Could you set down the listing below exactly and omit its images?

## Supplied information
------------

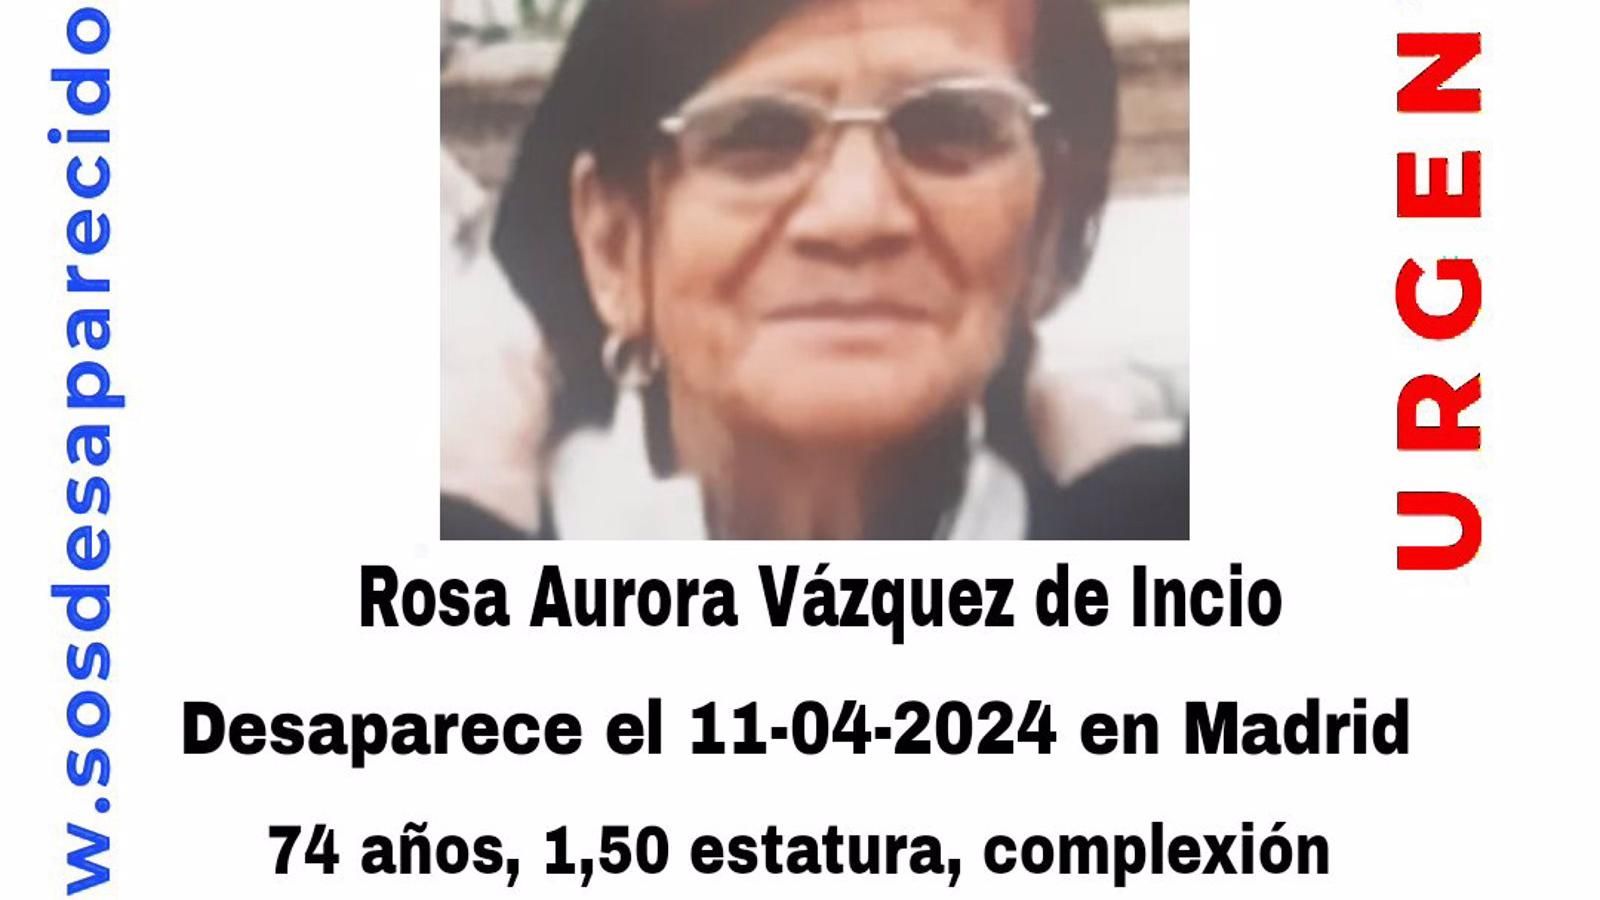 Buscan a una mujer de 74 años desaparecida en Madrid y catalogada como "persona vulnerable"
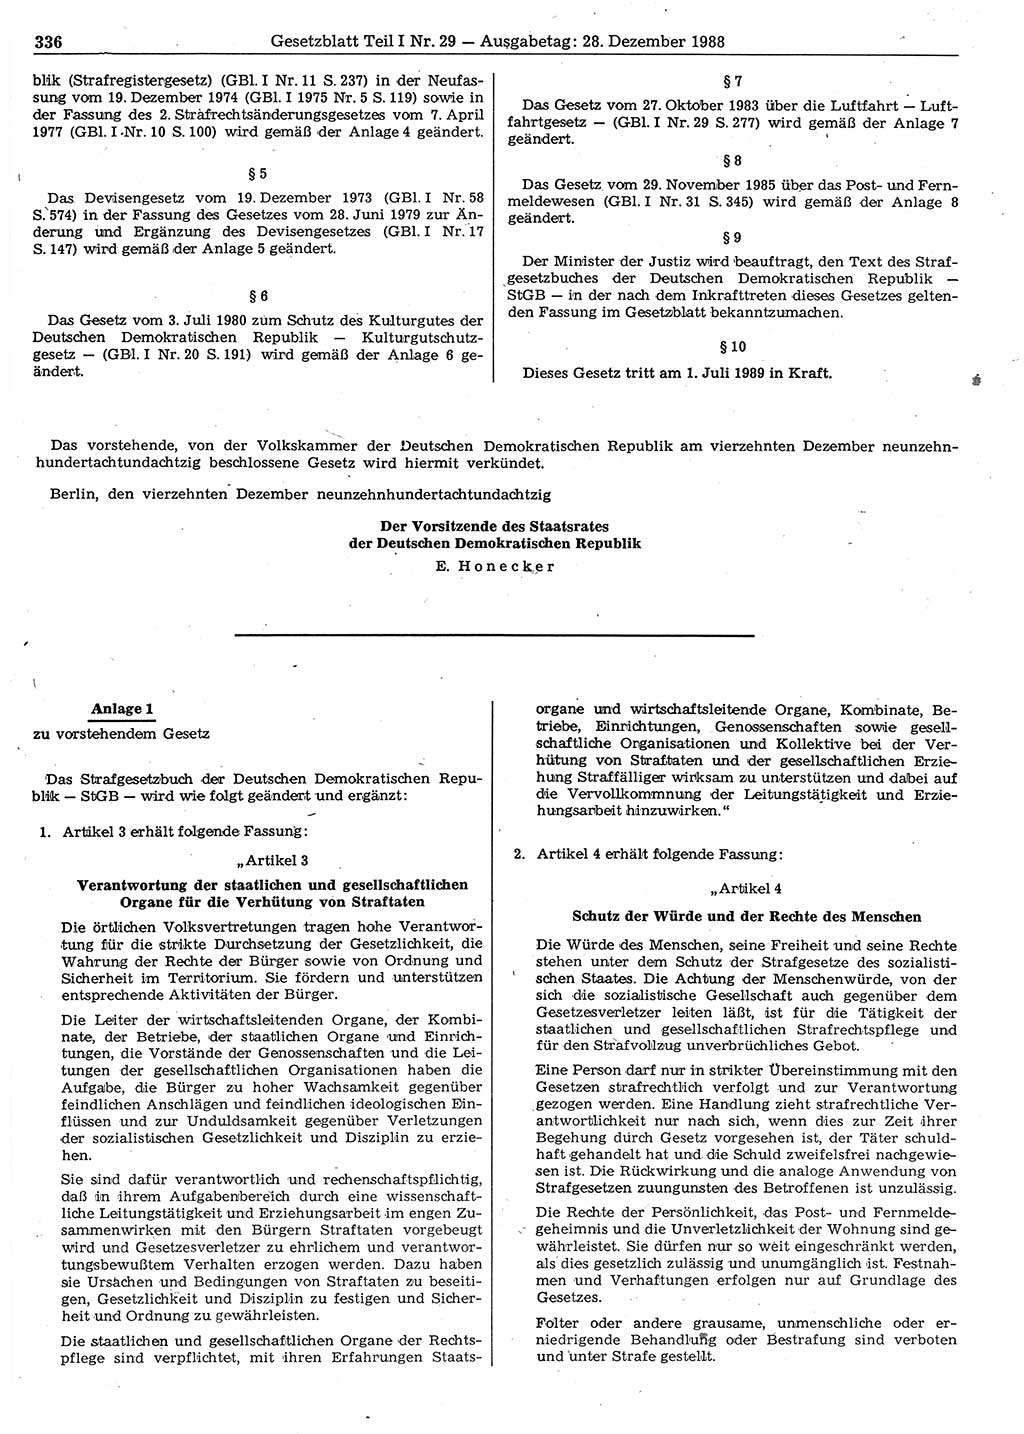 Gesetzblatt (GBl.) der Deutschen Demokratischen Republik (DDR) Teil Ⅰ 1988, Seite 336 (GBl. DDR Ⅰ 1988, S. 336)
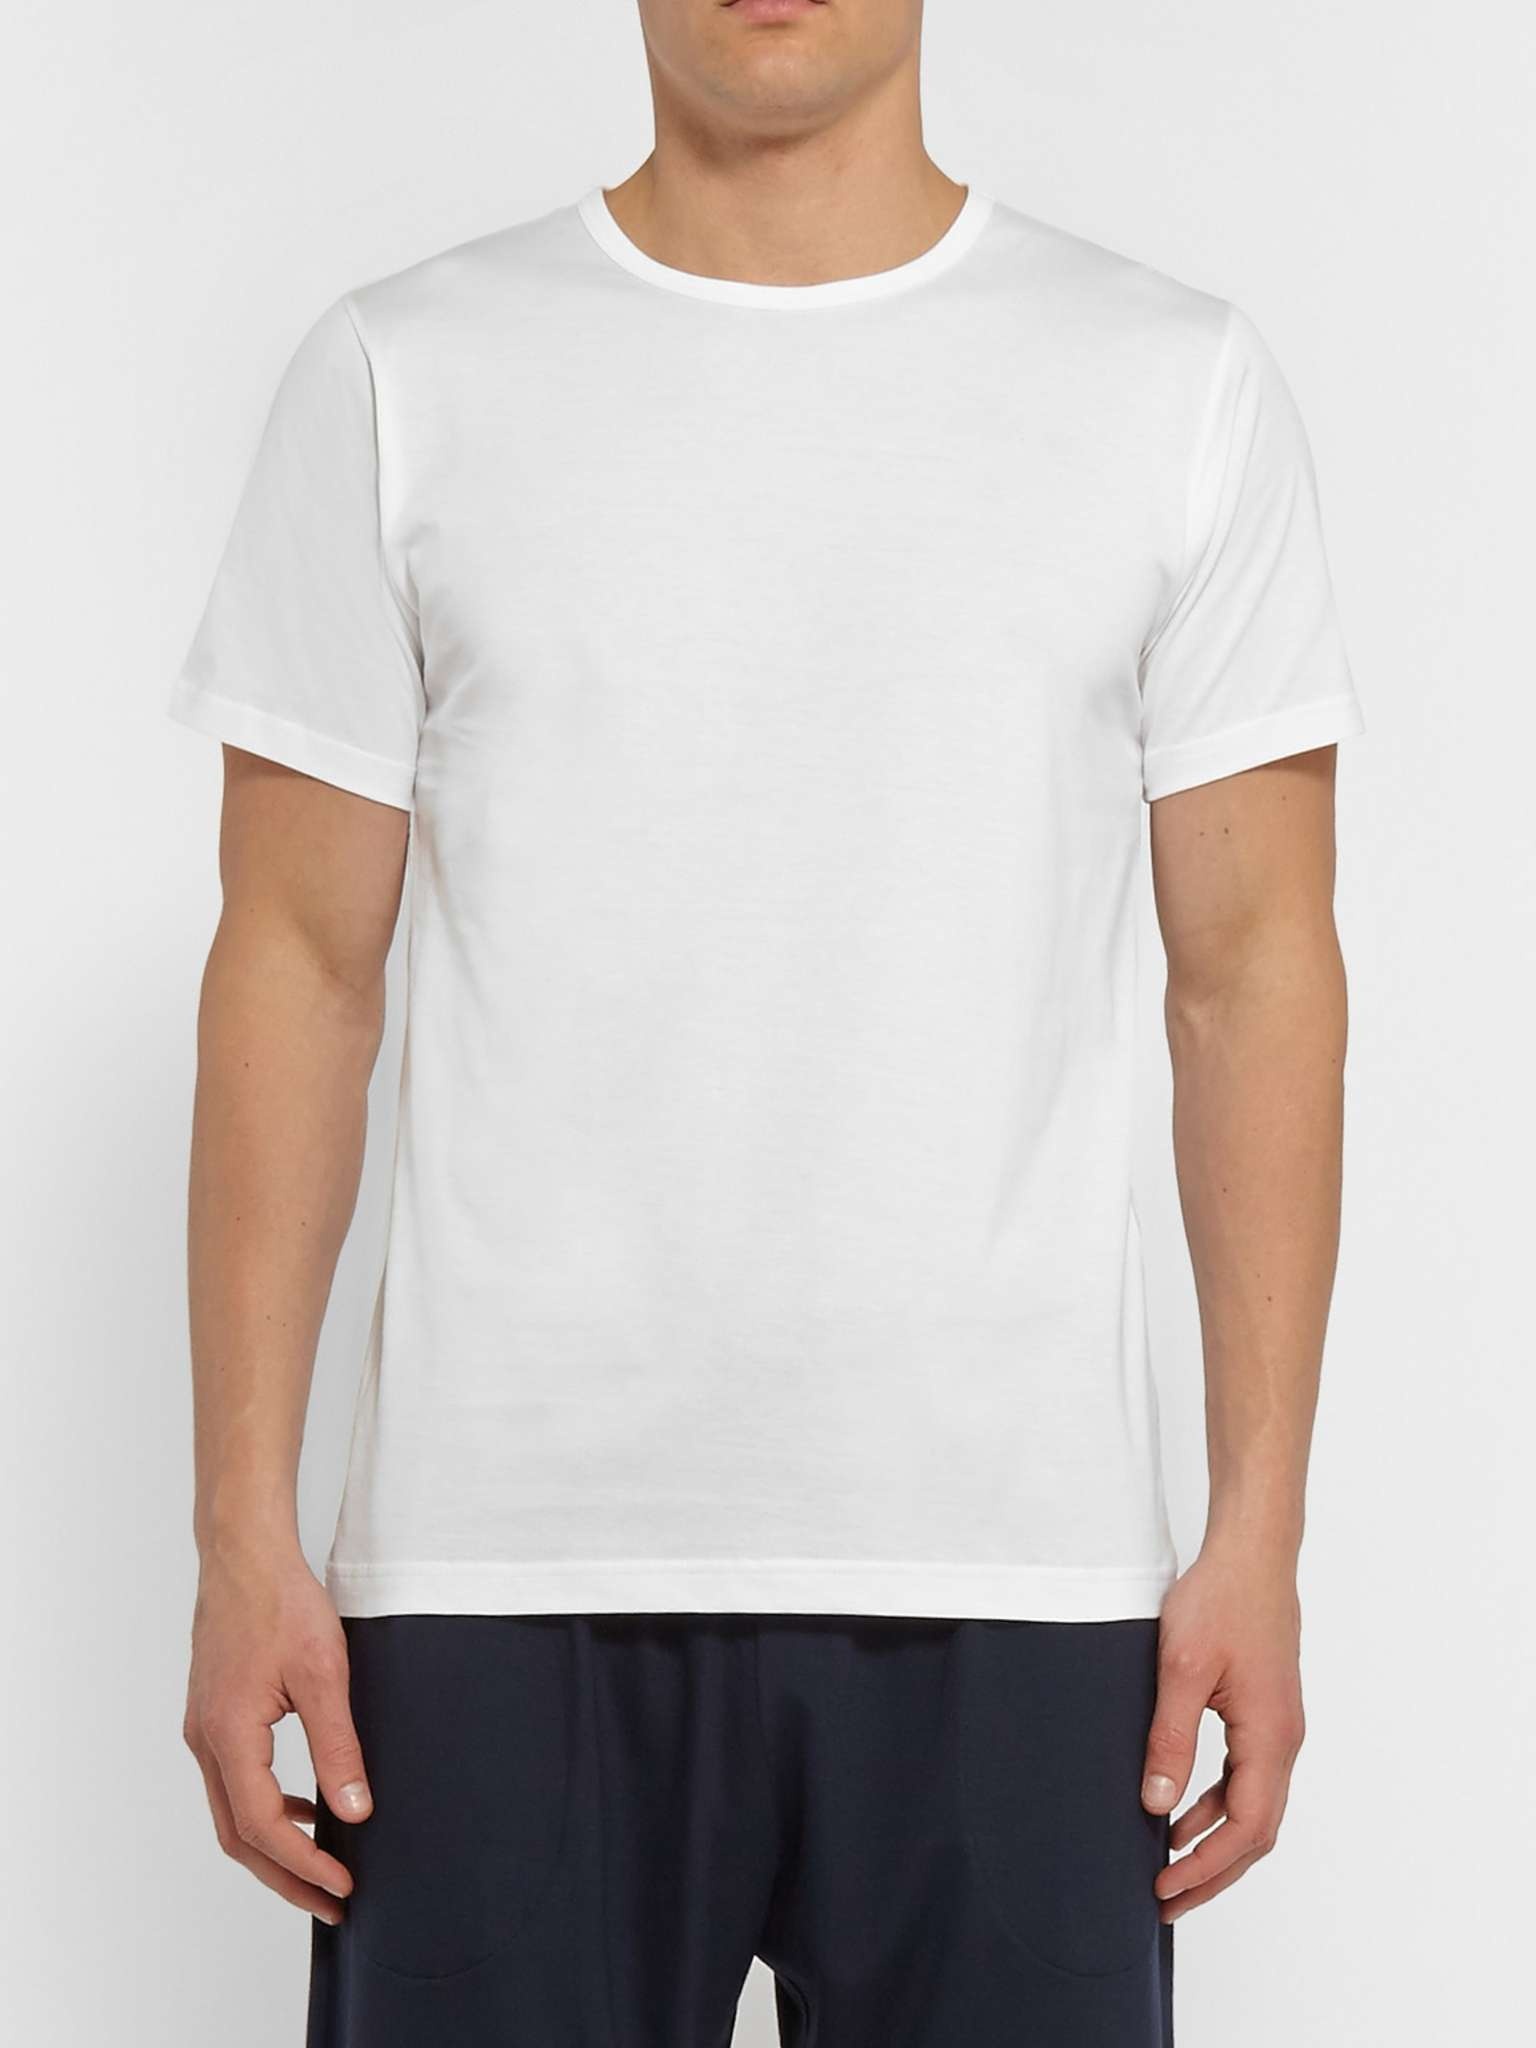 Superfine Cotton Underwear T-Shirt - 3
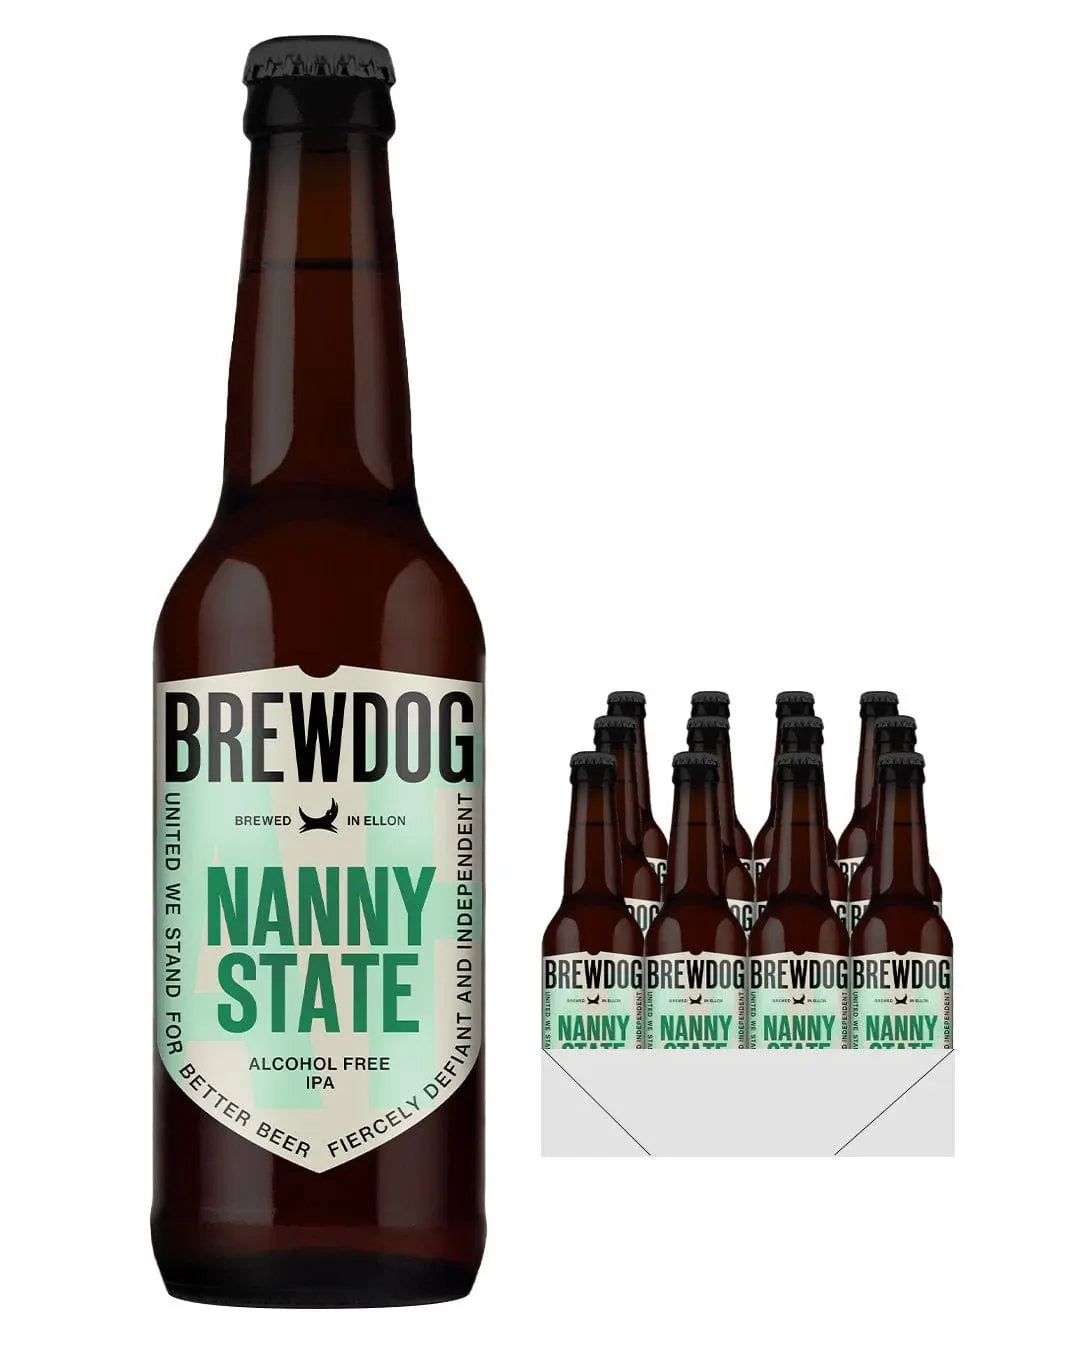 BrewDog Nanny State Beer Bottle Multipack, 12 x 330 ml Beer

------------

## Written answer
 Buscan a una mujer de 74 años desaparecida en Madrid y catalogada como "persona vulnerable"
 Gesetzblatt (GBl.) der Deutschen Demokratischen Republik (DDR) Teil Ⅰ 1988, Seite 336 (GBl. DDR Ⅰ 1988, S. 336)
 Superfine Cotton Underwear T-Shirt - 3
 BrewDog Nanny State Beer Bottle Multipack, 12 x 330 ml Beer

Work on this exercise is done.